Friday, October 12, 2012

Twenty Three and Restless

Twenty-three.

I told a few people that I thoroughly expected to arise this morning to discover a face filled with wrinkles and a head of gray hairs, to match my now elderly stage of life.

Obviously, it didn't work that way.

But I did celebrate a wonderful birthday in Ecuador. And I realized that I have spent all of my twenties in South America.

I said that I would be celebrating my birthday all month this year. What that really entails is considering everything special, unusual, or exciting that happens in October to be specifically for my birthday. (Whether that is the case or not is IRRELEVANT.) So yesterday I had a "birthday pedicure" and tomorrow I am going out "for my birthday." Like I said, the fact that these events would take place whether it were my birthday or not just doesn't matter!

After awaking this morning and seeing there were still no wrinkles or grays to be found, I received a cinnamon roll from Shirley for breakfast, candle and all! Then I made myself a Starbucks Pumpkin Spice VIA (courtesy of Tyler and Amy Liebelt).
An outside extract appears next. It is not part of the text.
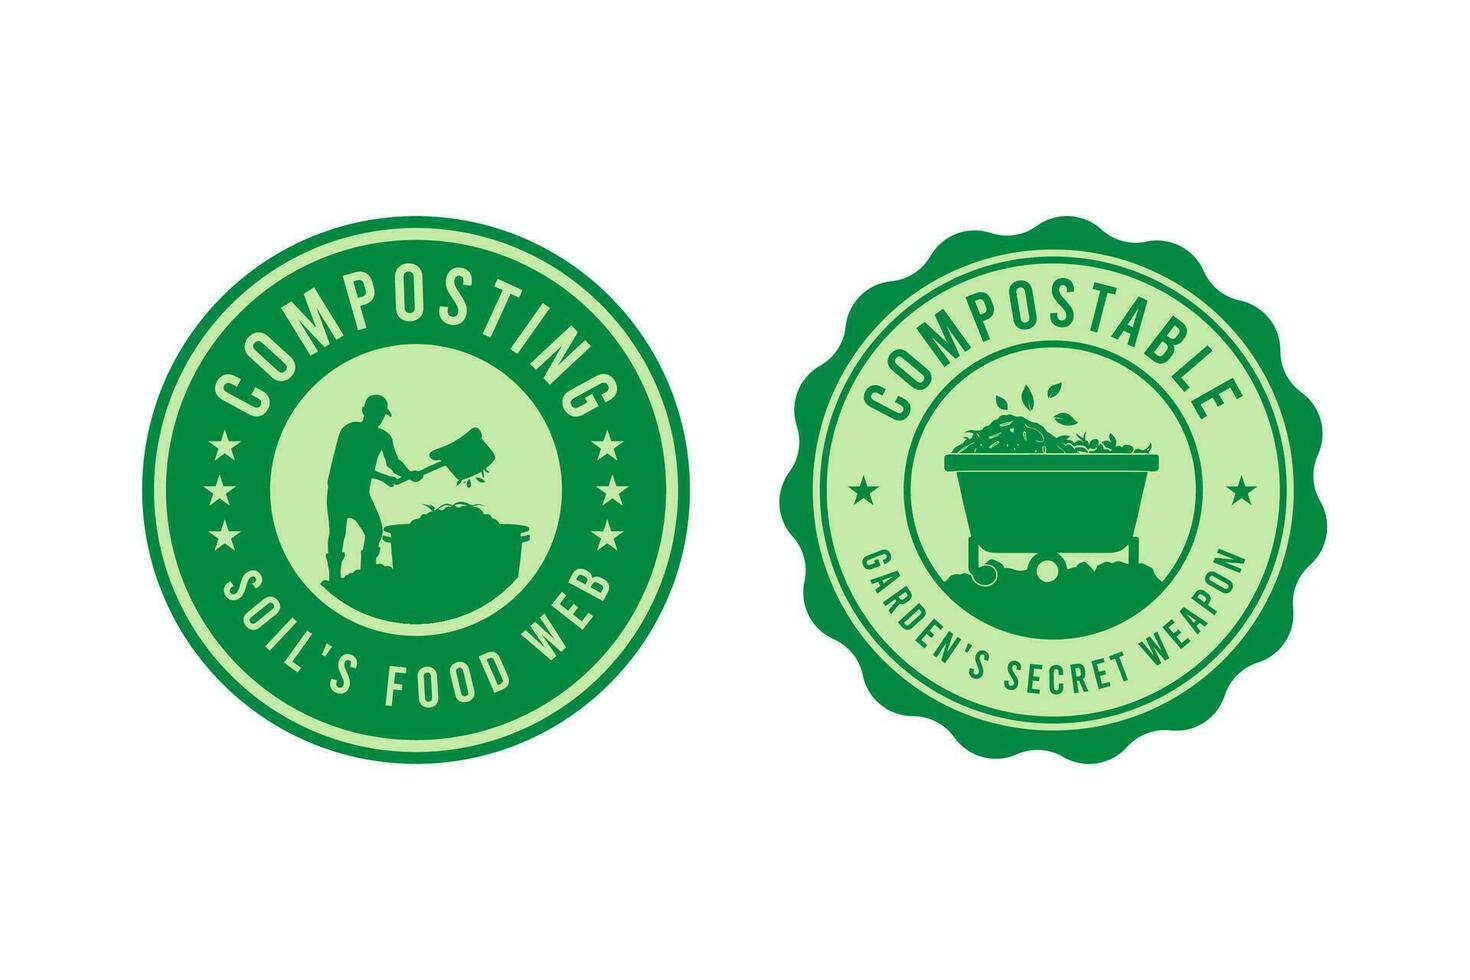 le compostage badge logo conception illustration vecteur

I had a fairly relaxing day, even treating myself to Oreos with Peanut Butter (courtesy of Rachel Kuhn!).
Tonight, I was taken out to dinner with the missionaries, and had a little party after, with delicious cake and ice cream!

I end the day feeling extremely blessed and spoiled.

And this afternoon, I began to listen to a playlist from my iTunes titled, "October"-- a playlist I created two years ago. Birthdays tend to make one nostalgic... It's funny how much has changed, and how much hasn't.

Because the first song of the playlist is Audrey Assad's, "Restless."


"And I'm restless, I'm restless until I rest in you, 'til I rest in you. 
Still my heart, hold me close 
Let me hear, a still small voice 
Let it grow, let it riseInto a shout, into a cry. 
And I'm restless, I'm restless until I rest in you, 'til I rest in you 
I wanna rest in you oh God."

And on this day I celebrate twenty-three years on this precious earth, that is how I feel.

"If our deepest desires cannot be satisfied in this world, then we must be made for another."

I know that the deepest desires of my heart are only truly satisfied in Kingdom Come. I am yearning for a Savior, longing for the day when all things are made new. When we finally reach the peak of what it means to know God, and exist in His presence.

I hope to have many more happy birthdays in this earth, but all the best moments of this life are only a shadow of what is to come. And I want to keep that in perspective as I really do develop wrinkles someday, and see so much more change in this life. I am restless until I rest with the Liberating King.

But thank you for helping make this birthday special.